# PCI Wireless Card not being detected by system



## Contaejun (Aug 23, 2010)

I recently bought a PCI Wireless Card, a GIGABYTE GN-WP01GS. My computer is running Windows XP 32bit. I stuck the card in the PCI slot, attached the antenna, and installed the driver (If you're thinking I did that in the wrong order, that's what the instructions said to do).

My problem is: right after you install the driver, the wireless utility window is supposed to pop up, but it never does. The GIGABYTE icon appears in the bottom right corner, but the tooltip says that the card does not exist. I take this to mean that the card isn't being detected by the system. Neither of the lights on the back of the actual card light up either

I thought my motherboard might have a broken PCI slot, so I tried all the others. No good. I tried installing the PCI Wireless Card on two other computers, another Windows XP 32-bit and a Windows 7 64-bit. It didn't work on either of them. All three computers have the last updates and service packs.

In short, my PCI card isn't being detected by three computers so I can't connect to the internet on the computer the card is intended for.


----------



## johnwill (Sep 26, 2002)

With the card installed in the computer, please do this.

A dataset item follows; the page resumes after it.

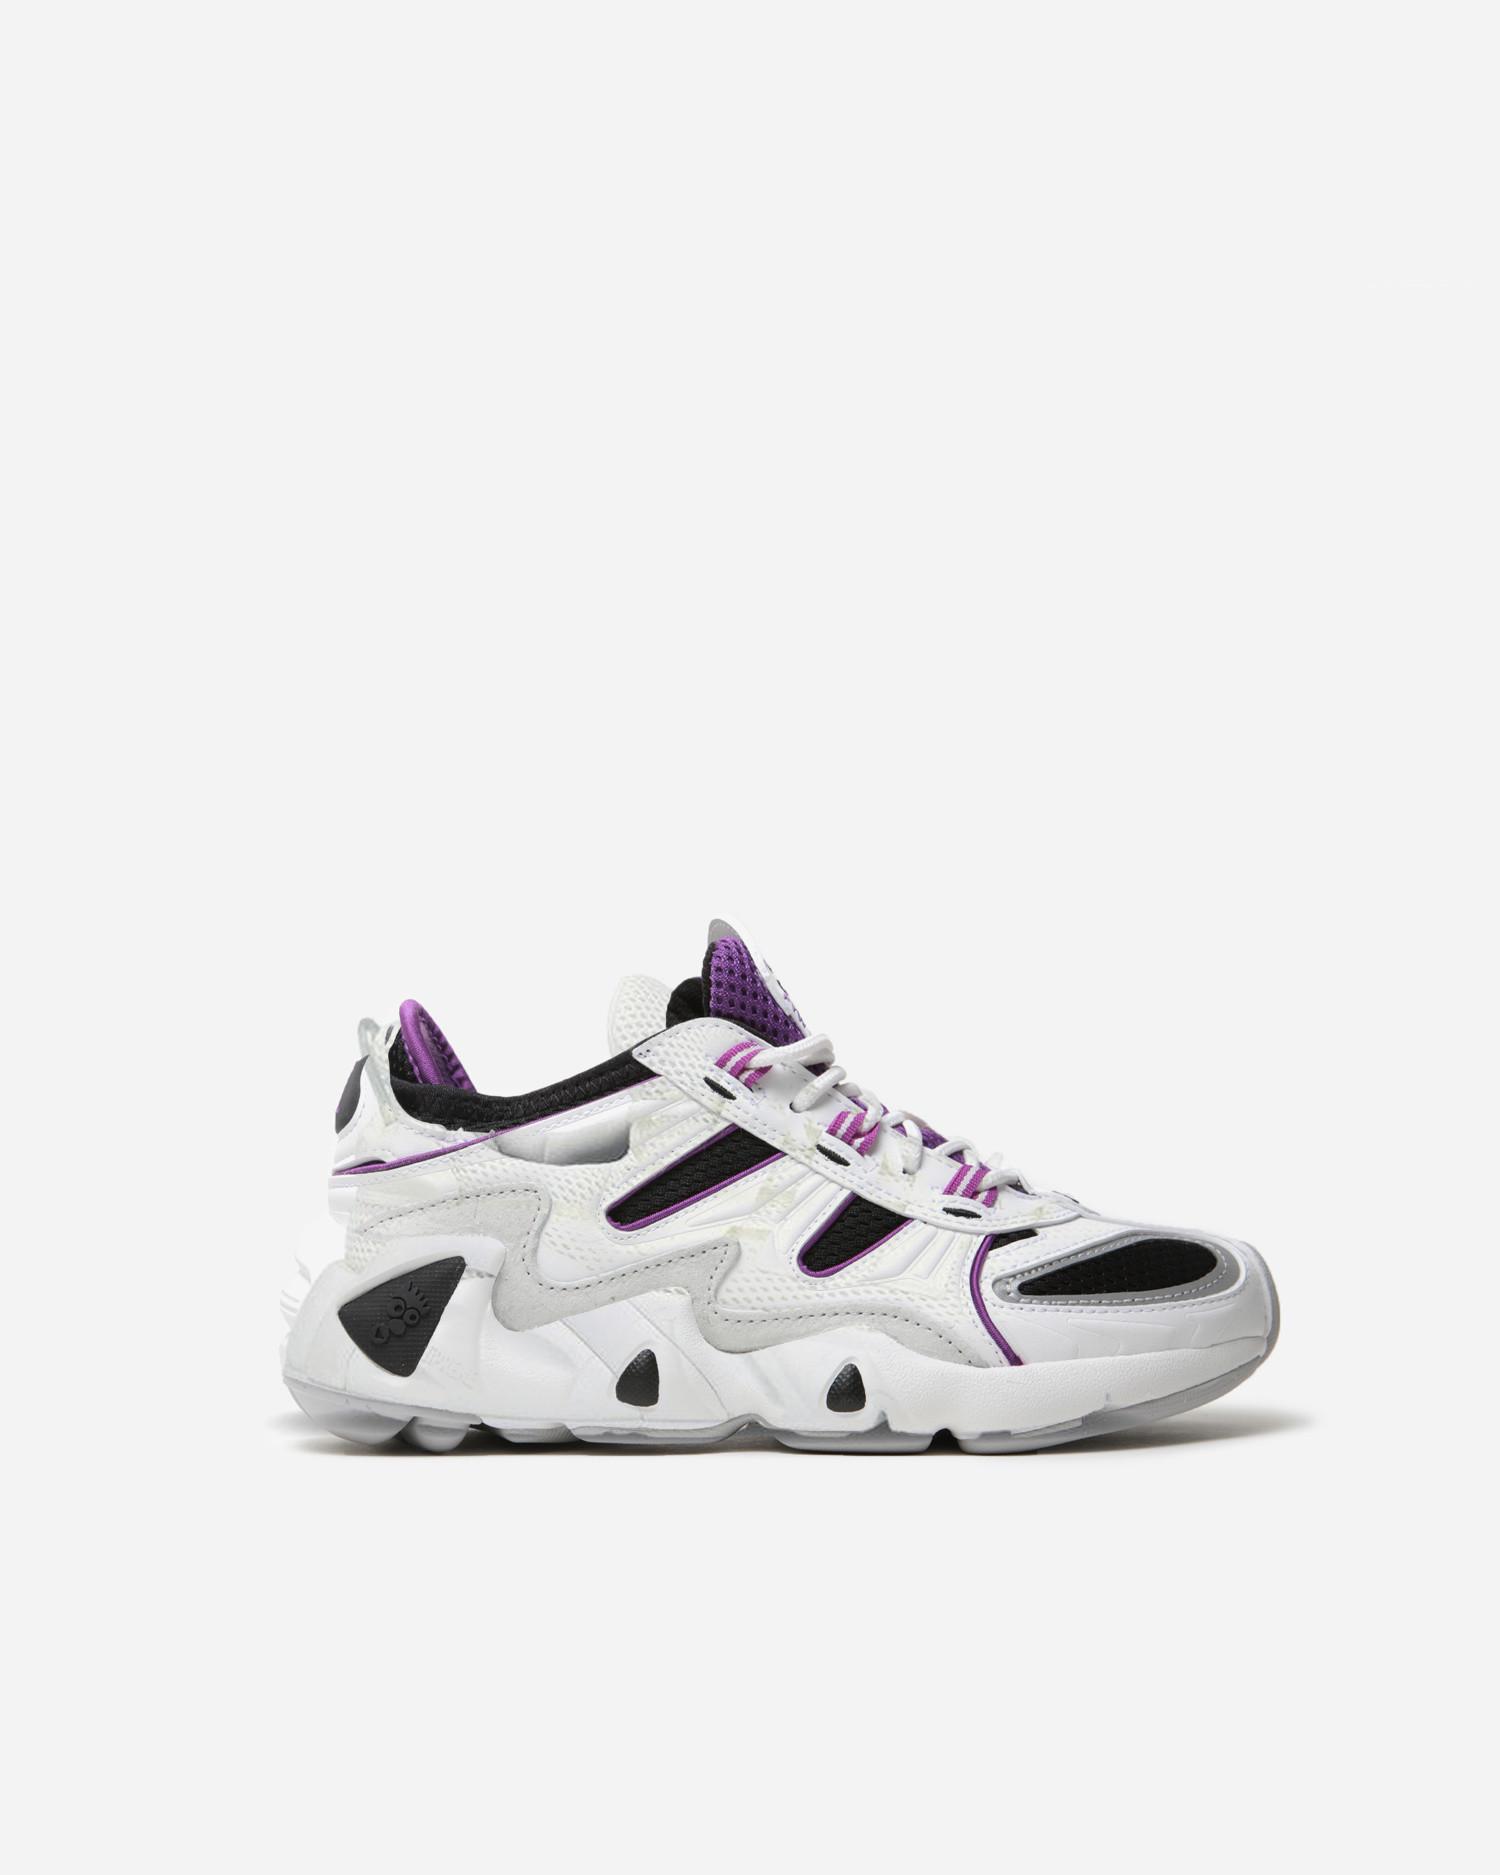 Adidas fyw s-97 w          crywht/cblack/actpur

Hold the *Windows* key and press *R*, then type *devmgmt.msc*

Please respond to *all* the following steps.


Under *Network adapters*, please tell me all the devices listed. 
Are there any devices under *Network adapters* that have a red x displayed?
Also, are there any devices anywhere in the *Device Manager* display with yellow *?* or *!* displayed?

It would be best if you could post a screen shot of Device Manager with the *Network adapters* and *Other devices* sections expanded.

To post a screen shot of the active window, hold the _*Alt*_ key and press the *PrtScn* key. Open the Windows PAINT application and _*Paste*_ the screen shot. You can then use PAINT to trim to suit, and save it as a JPG format file. To upload it to the forum, open the full reply window and use the _*Manage Attachments*_ button to upload it here.


----------



## Contaejun (Aug 23, 2010)

This is on the computer with Windows 7 64-bit, which is the one the card is intended for. I'm a little confused as to why the name Intel shows up, because we certainly don't get our internet from them.


----------



## 2xg (Aug 5, 2009)

Hello,

Perhaps a faulty PCI card if it didn't work on all computers. I'll get a replacement.


----------